This type of reconstruction involves placement of a breast implant to recreate the breast. In most cases this involves placement of a temporary implant, or tissue expander, after the mastectomy. This tissue expander is placed under the skin and muscles of the chest and is then filled over the course of several weeks. Once the desired size is achieved another operation is then performed to remove the tissue expander and place a permanent implant. At this time a saline or silicone implant can be used for reconstruction. We currently offer the highly cohesive, form-stable implant (know as the "gummy bear" implant) which potentially lowers the risks of implant leakage.
In select cases, implant reconstruction can performed in one single operation including the mastectomy and implant. In these cases, additional biologic mesh (called acellular dermal matrix) is used to support the lower half of the implant. In select patients, the nipple can be saved during this reconstruction.
The advantage of an implant reconstruction is that it is a shorter operation with a faster recovery. For this reason it is a good choice for patients who may not be able to tolerate a long operation. It is also a good choice for patients with insufficient tissue to create a breast.
There are some risks involved with implant reconstruction. These include leakage, capsular contracture, infection, asymmetry, rippling, and visibility of the implant. In addition, there are rare reports of breast implant associated lymphoma and illness.
An implant has a very small chance of leakage. This risk increases over time. If there is leakage of a saline implant, the saline is reabsorbed harmlessly by the body and the breast may become visibly smaller. If a silicone implant develops leakage then further studies may be needed to delineate this. In either case, replacement of the implant will be necessary.

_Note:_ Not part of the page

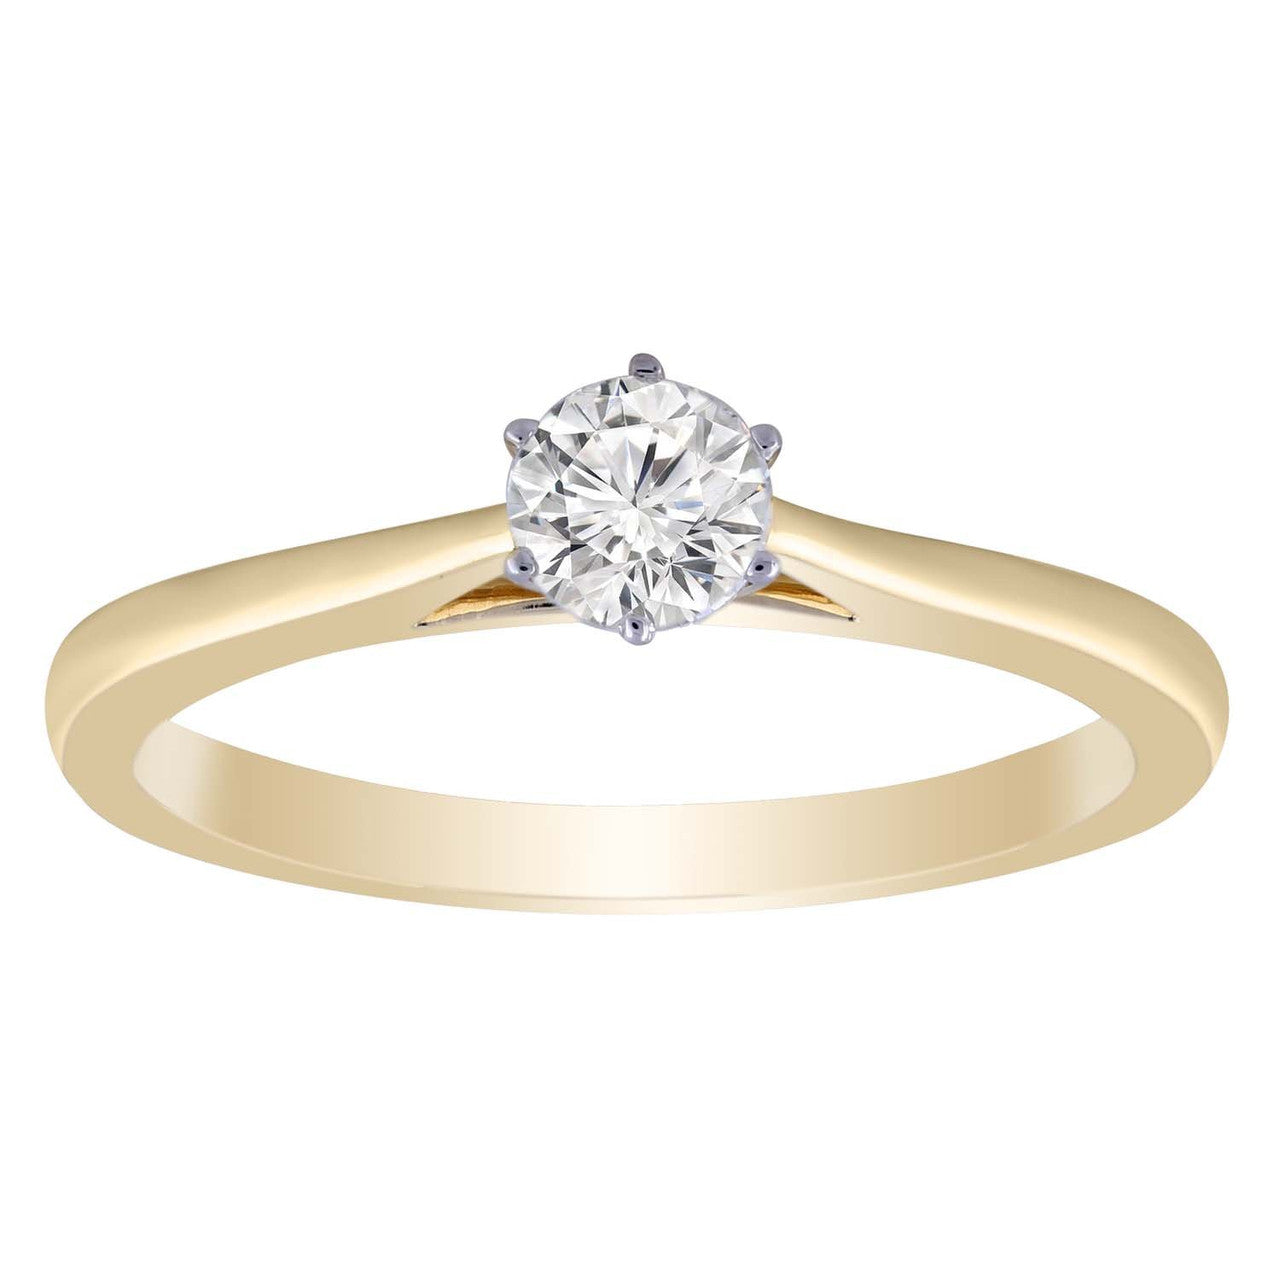 Ice Jewellery Solitaire Ring with 0.33ct Diamond in 9K Yellow Gold -  IGR-38249-033-Y | Ice Jewellery Australia

An implant may develop tightening or capsular contracture. When an implant is placed, the body forms scar tissue around the implant. Normally this scar tissue is soft and pliable, but over time it may develop tightening called capsular contracture. This will affect the appearance of the implant and can cause the reconstructed breast to be hard and painful. The risk of capsular contracture is significantly increased in patients treated with radiation therapy and can be as high as 40%. Daily massage may reduce the chance of developing a hard capsule.